Bridging the gap between developers and operators

Bridging the gap between developers and operators

Robert Ericksen explains how Kyndryl can help businesses access the benefits of a DevOps approach

Alex Smith |

Traditionally, the relationship between developers and operators has been a fractious one.

While a development team is always looking to push forward new capabilities and releases to meet the demands of the market quickly, the operations department is aiming to ensure that solutions remain stable and available. While one side wants to ensure constant change, the other wants to stay the same. 

This natural conflict is what DevOps, a combination of practices and tools accompanied by a mindset shift, is designed to resolve. By bringing together the two sides of development and operations, a DevOps team aims to avoid bottlenecks that can reduce a client’s agility and responsiveness. 

“What we’re trying to do is to streamline that relationship,” says Robert Erickson, director of managed multi-cloud platform at Kyndryl. “DevOps is a culture of collaboration and communication that is applied consistently. Teams have the right tools and the right understanding of the process from the beginning, and the key is to make sure there’s visibility and traceability through the production pipeline.” 

As Eriksen explains, this mindset can be expanded even further to encompass the ever-pressing need to ensure organisation-wide security in what is known as DevSecOps. 

“DevSecOps takes the approach one step further by adding security” says Eriksen. “It’s about a change in mindset, infusing a security perspective throughout the pipeline. When we build user stories, for example, do they conform to security measures? Have we added the right security features in our coding? Once we’ve finished a release, are there any vulnerabilities we can learn from and fix in the next cycle? There’s tooling along the way, but it’s primarily a philosophy.” 

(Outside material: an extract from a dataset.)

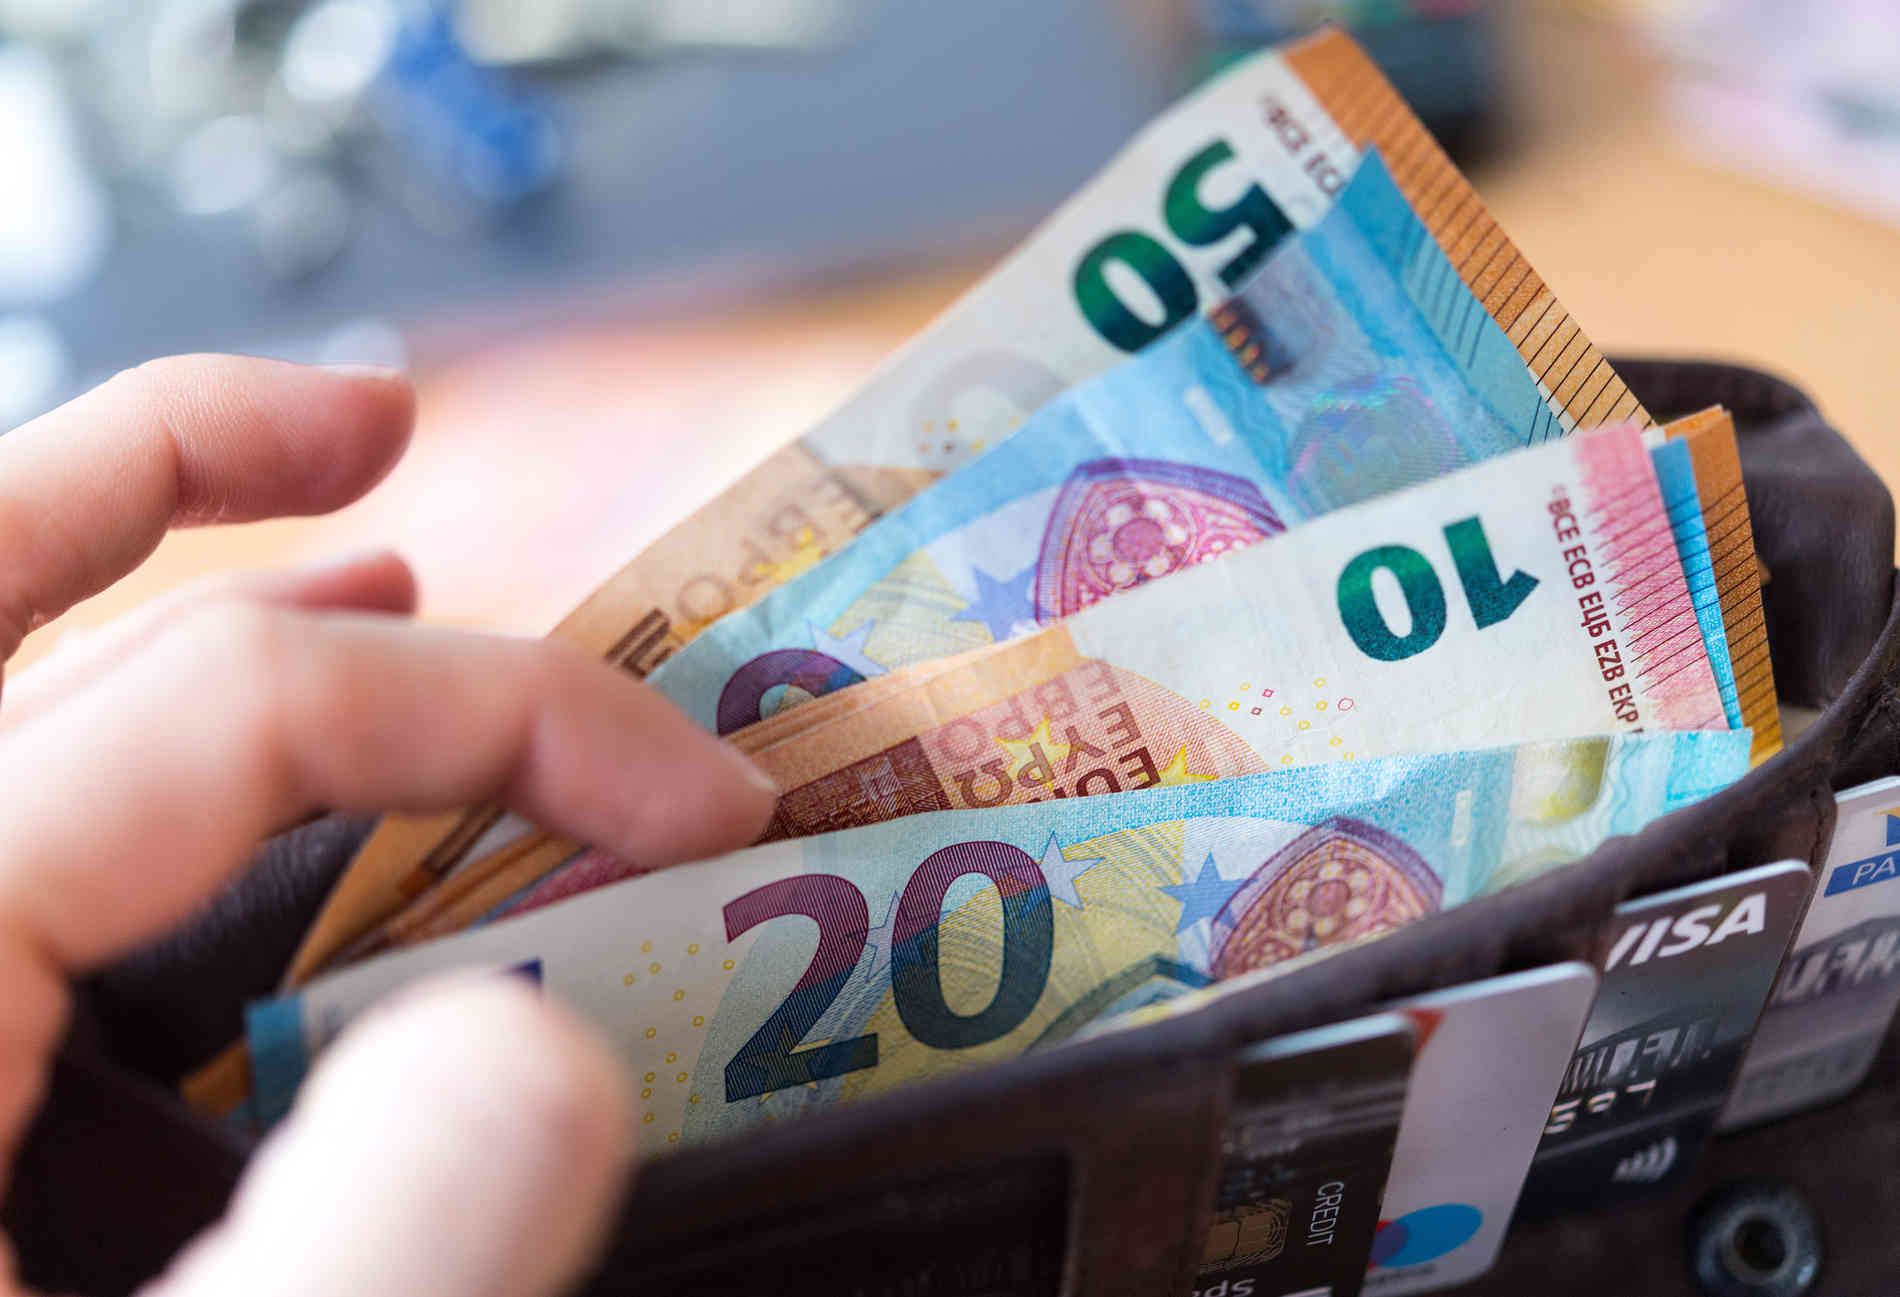 83-Jähriger vergaß 10.000 Euro auf Autobahntoilette

However, while DevOps and DevSecOps processes can be implemented very effectively at the scale of a small team, managing production across a large organisation can pose very different, more complex challenges. 

“DevOps starts with small teams of very passionate people,” says Ericksen. “But as you scale up from 13 people to 600 people globally across many different regions, you start to expose some problems. For example, a team with higher priority may block another team from using a resource, without the latter ever understanding why. If there’s ever any doubt about when something’s going to be available, then my customers are all going to question if they should move on to a competitor.” 

To help address the problems caused by trying to implement a DevOps approach at scale, Kyndryl has created a solution that facilitates better communication and collaboration. 

“Kyndryl built a solution called DevOps Intelligence, which is a set of tools and practices for DevOps and DevSecOps at scale,” says Ericksen. “They allow us to see across multiple pipelines and understand multiple impacts, so that leadership can have full visibility. Firstly, small teams can use a variety of tools, including Microsoft Teams, to communicate with each other in real time. Secondly, we gave them visibility through a DevOps Intelligence operating centre, which informs teams of problems in the pipelines so that they can be resolved.” 

Ericksen identifies four different approaches or ‘topologies’ that organisations can take in partnership with Kyndryl to achieve DevOps at scale. 

1. The shared operations topology. For organisations that don’t have a DevOps process, Kyndryl will provide an advisory set of capabilities to help understand and educate them on DevOps and DevSecOps processes.  

2. The DevOps-as-a-service topology. Customers that just require a team to implement DevOps can outsource that role to a dedicated team at Kyndryl, who will build a pipeline for handing productions on to operations. This allows the customer to begin the cultural shift required for DevOps by retraining all of their developers overnight. 

3. The advocacy topology. In this approach, the customer creates the DevOps team as a kernel. As they pass developments through the pipeline, their teams are being trained, so that they can gradually be expanded to absorb the existing development process. 

4. The site reliability engineering (SRE) topology. A DevOps pipeline is put in place, and the team is infused with SRE experience. By pairing up a developer who is great at user experience but knows nothing about software defined networks, for example, with an SRE engineer who can speak the language of a developer, businesses can create applications designed for those environments from its inception. 

“We ourselves went through a massive transformation, and have some tales from the trenches as we went through the process of implementing DevOps processes,” says Erickson. “We have a deep, intrinsic knowledge of how to help our customers go through that process too.”